House rejects rule change backed by transparency advocates

Photo by Alexius Horatius/Wikimedia Commons

By Christian Metzger
Boston University News Service

House lawmakers rejected a proposed change in legislative rules Wednesday that advocates said would have increased transparency.

The change would have made the details of all committee votes public and required that public testimony on bills be available to the public upon request.

State Reps. John Barrett III, D-North Adams; Paul Mark, D-Peru; Tricia Farley-Bouvier, D-Pittsfield; and William “Smitty” Pignatelli, D-Lenox, joined the majority in the 122-36 vote against an amendment that would have aligned the House language on committee votes and testimony with the Senate’s proposal, which advocacy groups such as Act on Mass have said provide constituents with better information.

Opponents of the change said making testimony public could dissuade people from providing information that might be sensitive.

Massachusetts is one of four states where the Legislature is exempt from the open records laws and is the only state where all three branches of government claim are not liable under disclosure law.

“To the members, especially the newest members, you may know that over the last several months there has been a pledge that a group was lobbying for folks to take. And I just want to point out that this amendment does not reflect that pledge,” Farley-Bouvier said in a speech before the Legislature.

Act on Mass garnered 20 signatures from House members committing themselves to make their votes and committee proceedings available to the public.

There have been growing tensions between the House and advocacy groups, which have been critical of what they see as a lack of transparency.

“Members and staff should be readily aware of who they are meeting with, which external groups comprise a coalition, and how those groups are funded,” House Speaker Ronald Mariano, D-Quincy, wrote in a January email to House members.

“We live in the land of unintended consequences,” Farley-Bouvier said. “If you think you’re voting to uphold the pledge, you also need to understand that you’re voting to make all committee testimony public with no protections for any sensitive testimony.”

The sensitivity question was a major point of contention for members, who worried that making their proceedings public would intimidate people with sensitive information and dissuade them from coming forward.

“I truly fear that if people were fearful that their testimony would be posted on a public website, it would have the opposite effect of bringing people into the process — it would scare them away from the process,” said Rep.
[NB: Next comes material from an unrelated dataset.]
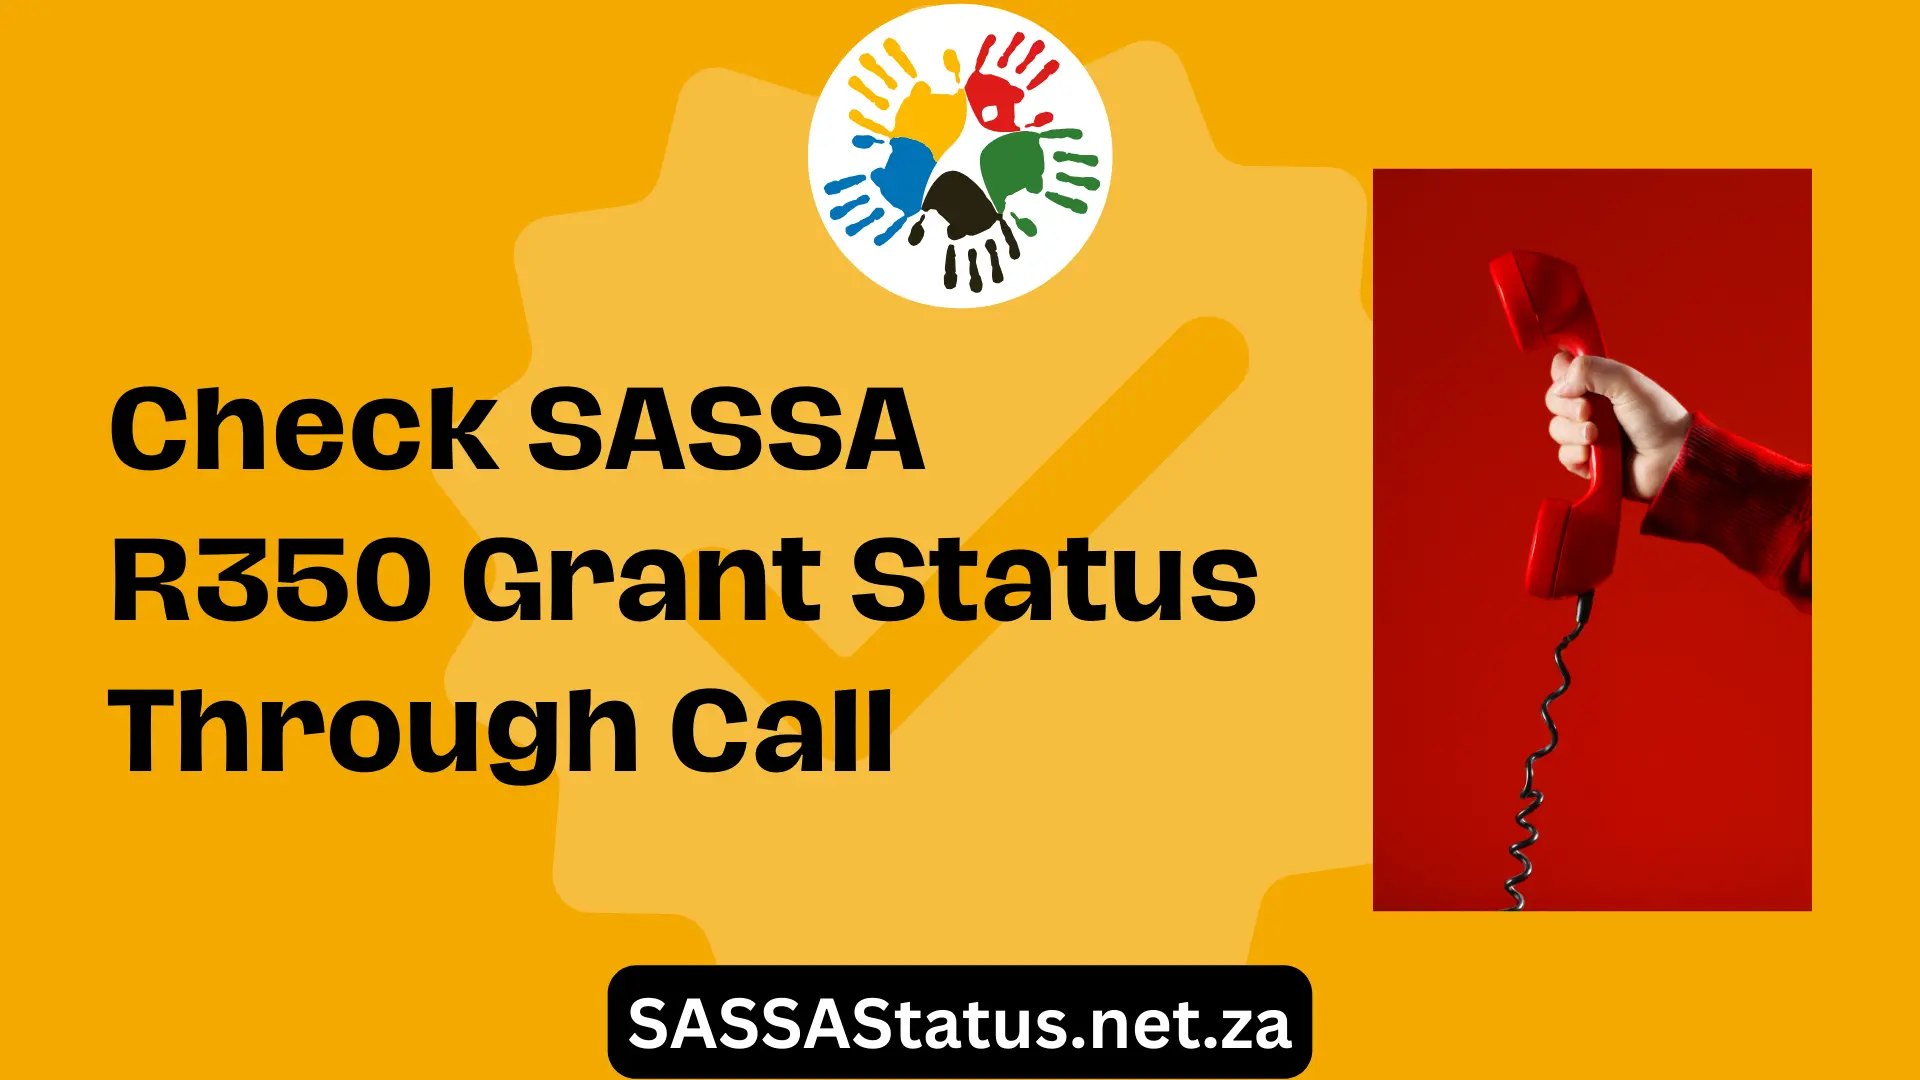 Check SASSA R350 Grant Status Through Call

Sarah Peake, D-Provincetown. “It would have a chilling effect on people’s willingness to offer testimony.”

Peake said making committee votes and testimony public also would cause confusion among constituents and create a burden on their staffers.

“Yes, people need to know where we stand on legislation, but you don’t really know what a bill looks like until it hits the floor,” she said.

Rep. Erika Uyterhoeven, D-Somerville, advocated for the bill on the debate floor, arguing that the amendment did not put testimonies online and could be provided in redacted form on request, to protect the individuals involved.

The first-term lawmaker, making her first official address before the full legislative body, was one of the 20 representatives who signed the pledge with Act on Mass, which Uyterhoeven co-founded in 2018. Uyterhoeven also argued that confusion over committee votes should not be a roadblock to transparency.

“That is something I believe is our job as representatives to educate our constituents on,” she said. “I want to also caution my colleagues around the argument that somehow transparency is somehow going to thwart progressive legislation and what that means. Because underlying that is saying that we have to do our work behind closed doors. I believe that’s an unfortunate and sometimes elitist argument, to say that we cannot show our votes to our constituents.”

It is lack of transparency, she argued, that has held up any new significant science-based climate legislation from passing for over a decade in the Legislature since the Global Warming Solutions Act of 2008.

“They’re not elitist arguments,” Peake said in response. “They’re shared experiences from experienced — and yes — effective legislators.”

“Committees are incubators — they’re incubators of ideas. It’s where we vet what is in a bill, it’s where we sharpen our pencils, and we make changes. It’s in the committees where we invite the public into the public hearing process,” Peake said.

Farley-Bouvier expressed a willingness to work to increase transparency through other means, siding with Mariano. She also argued that the issue was a lack of clarity as to where to find information like committee votes, which she said were all posted online on the government’s website.

“I also look forward to the process the speaker has sped up for a full review of the House rules,” she said. “Let’s see what things that can be changed that will make a real difference. I plan to make my voice heard in that process.”

This article was previously published in The Berkshire Eagle.